_Aim of the exercise_
Transcribe exactly the line with "Crafted from" and each line that follows it in the listing, down to the last, omitting all pictures.

_Available data_
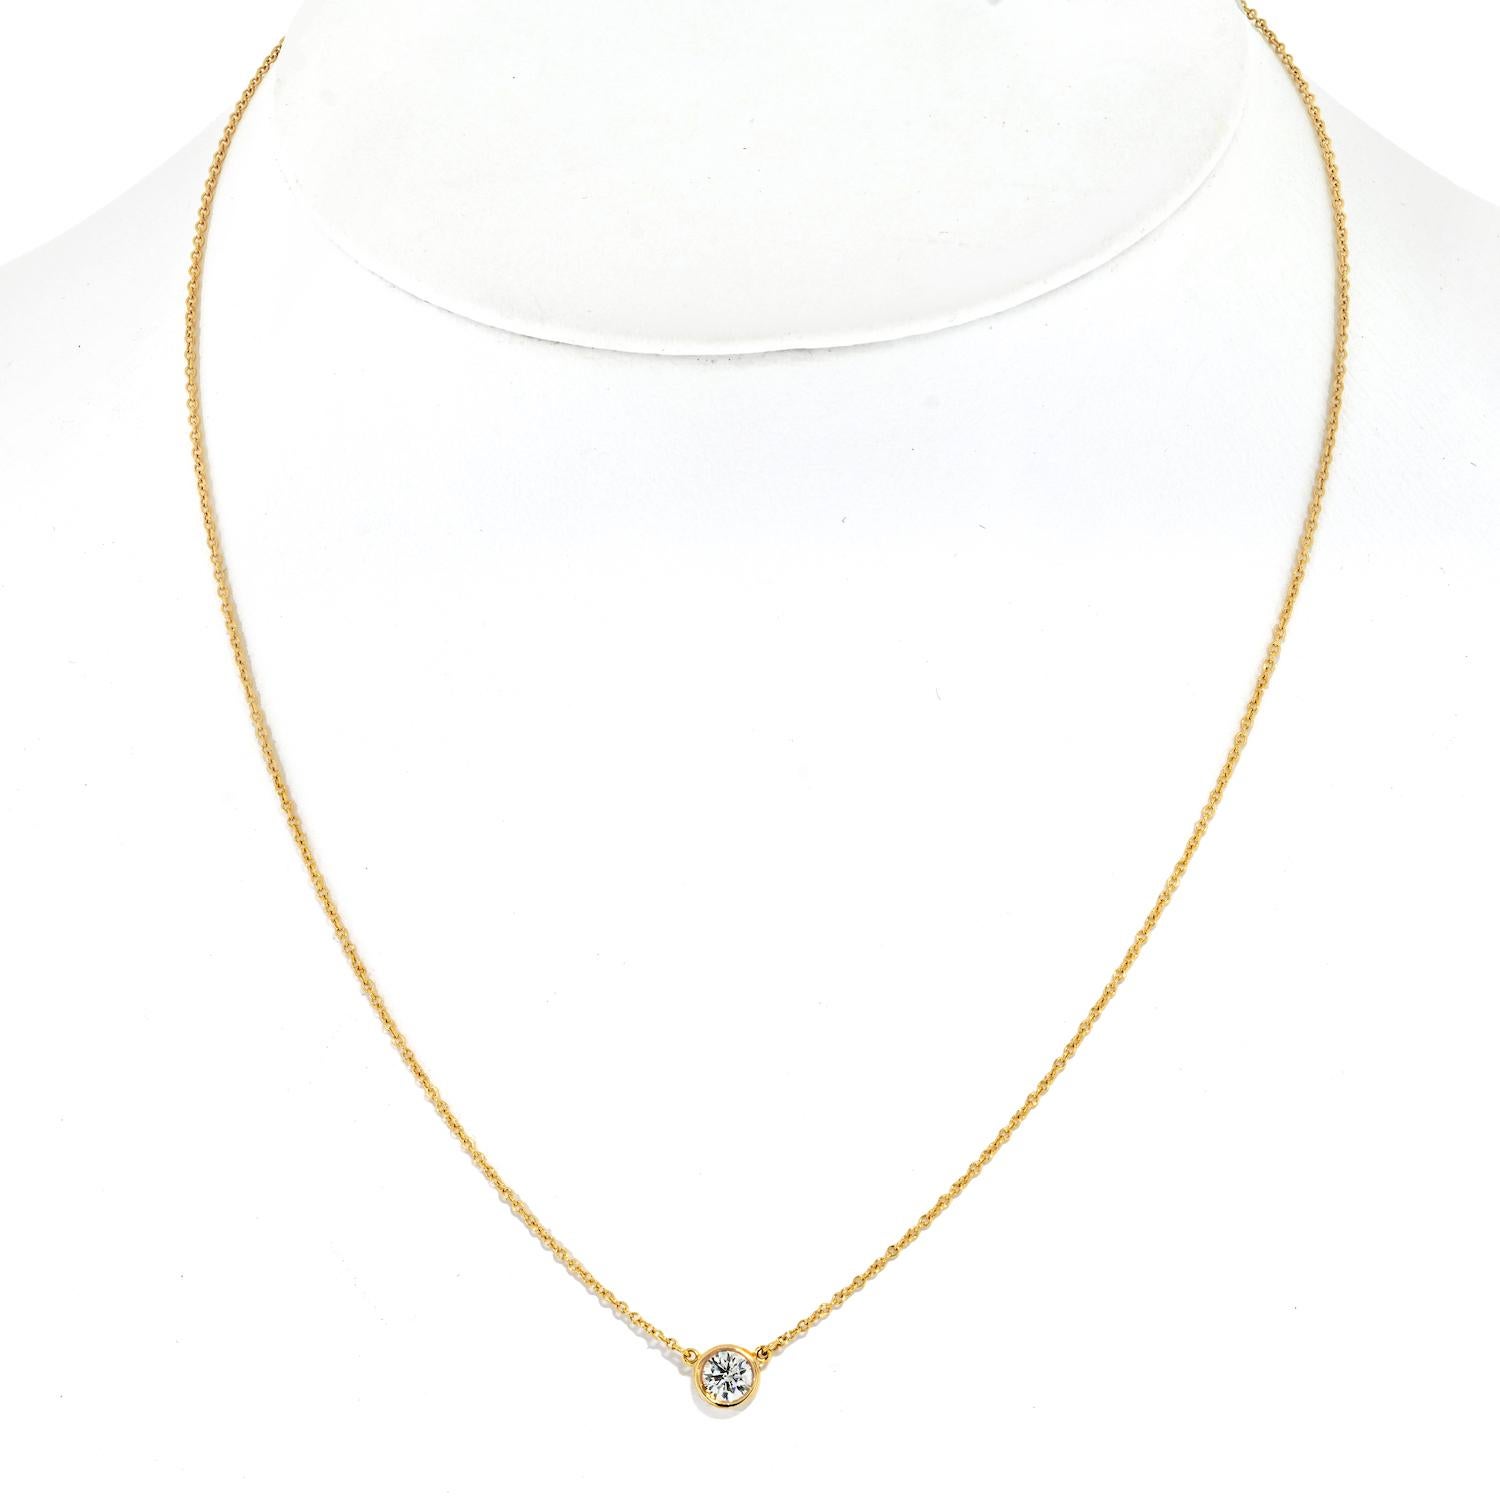 Elevate your elegance with the timeless beauty of our Estate Tiffany & Co. 18K Yellow Gold 0.45ct Round Diamond Bezel Set Pendant Necklace. This exquisite piece is a testament to Tiffany's legacy of craftsmanship and sophistication.

Crafted from
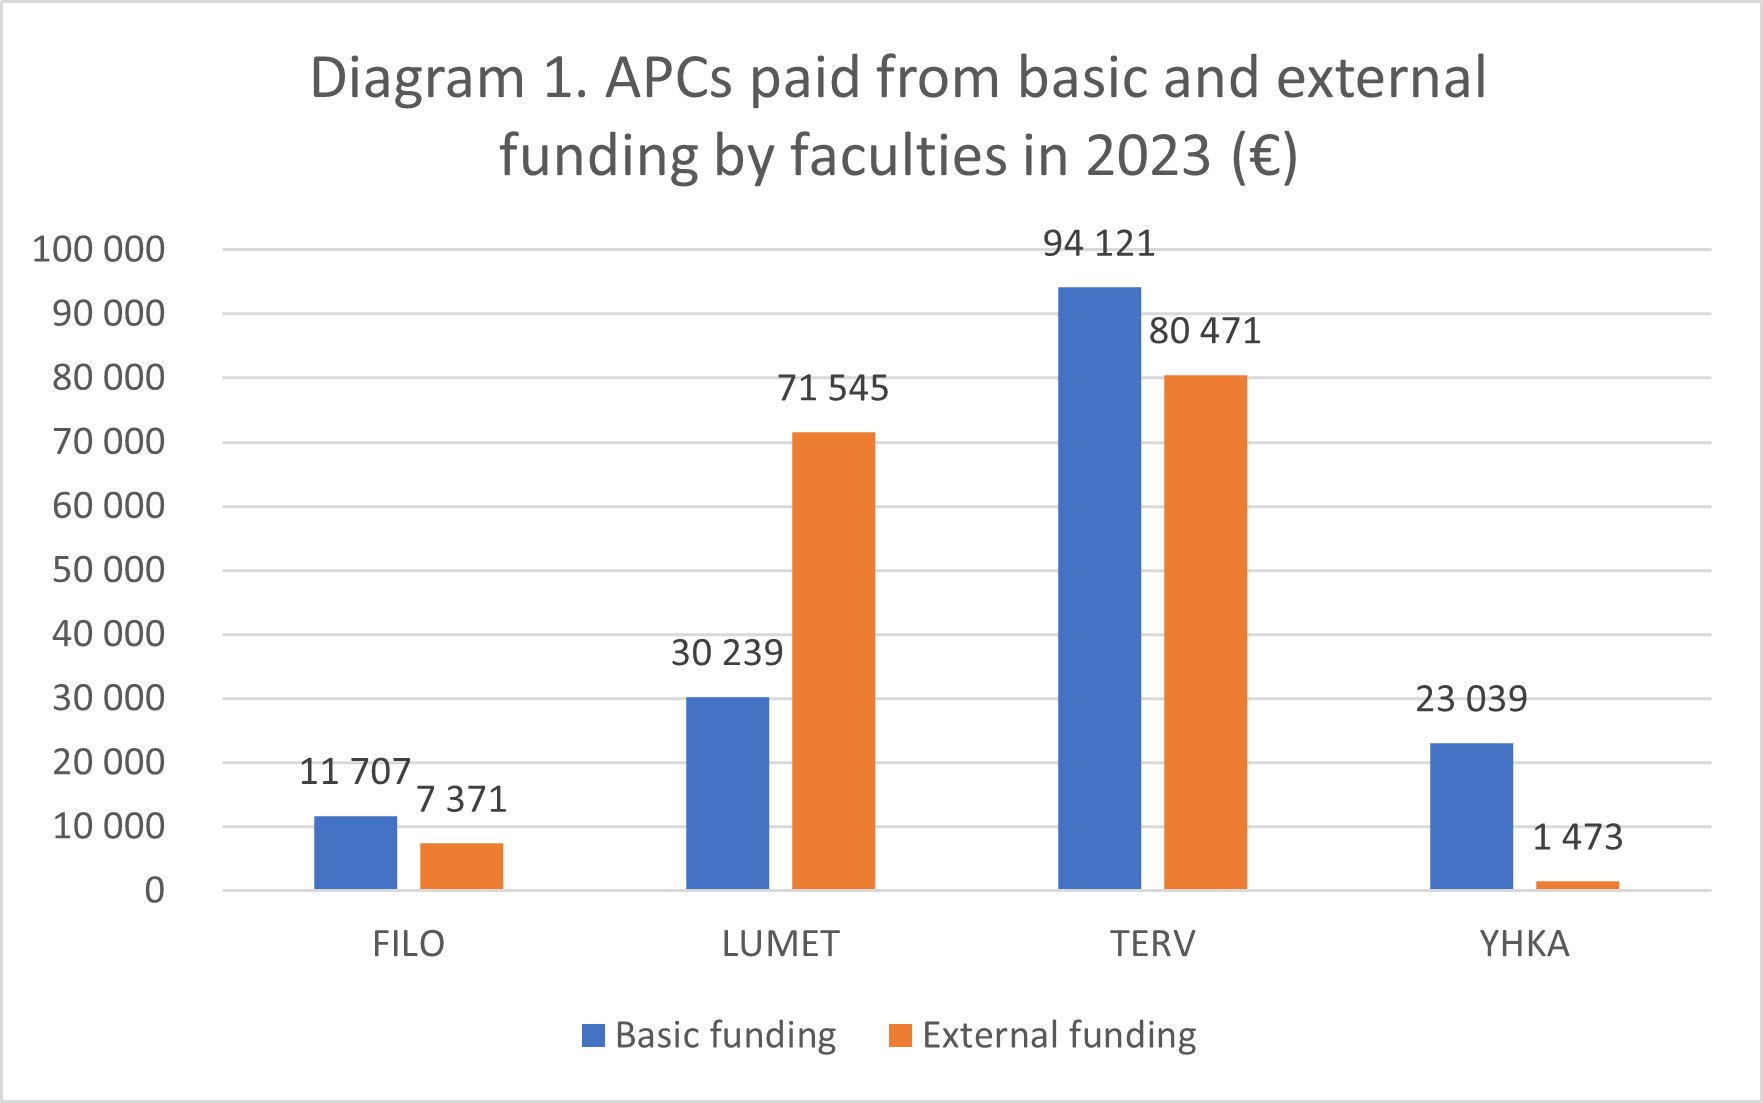 Diagram: philosophical faculty: basic funding 11707 euros, external funding 7371 euros, faculty of science, forestry and technology: basic funding 30239 euros, external funding 71545 euros, faculty of health sciences: basic funding 94121 euros, external funding 80471 euros, faculty of social sciences and business studies: basic funding 23039 euros, external funding 1473 euros.
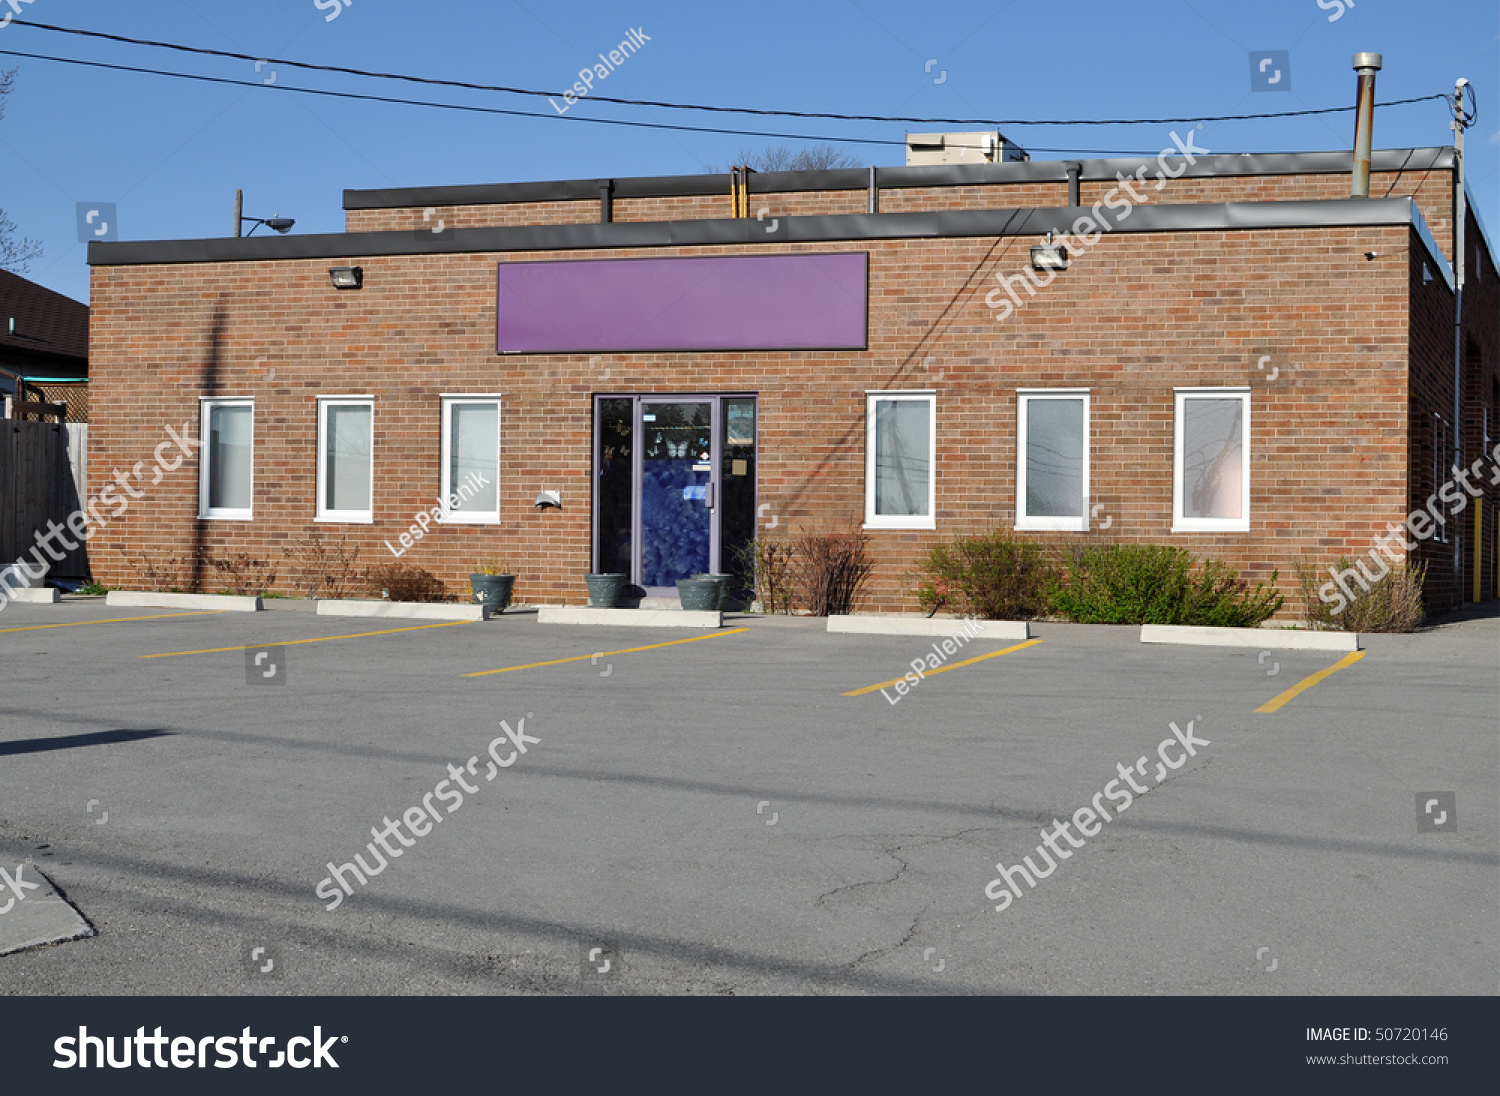 Small Commercial Building / School / Daycare Center Stock Photo ...

_Task result_
Crafted from
 Diagram: philosophical faculty: basic funding 11707 euros, external funding 7371 euros, faculty of science, forestry and technology: basic funding 30239 euros, external funding 71545 euros, faculty of health sciences: basic funding 94121 euros, external funding 80471 euros, faculty of social sciences and business studies: basic funding 23039 euros, external funding 1473 euros.
 Small Commercial Building / School / Daycare Center Stock Photo ...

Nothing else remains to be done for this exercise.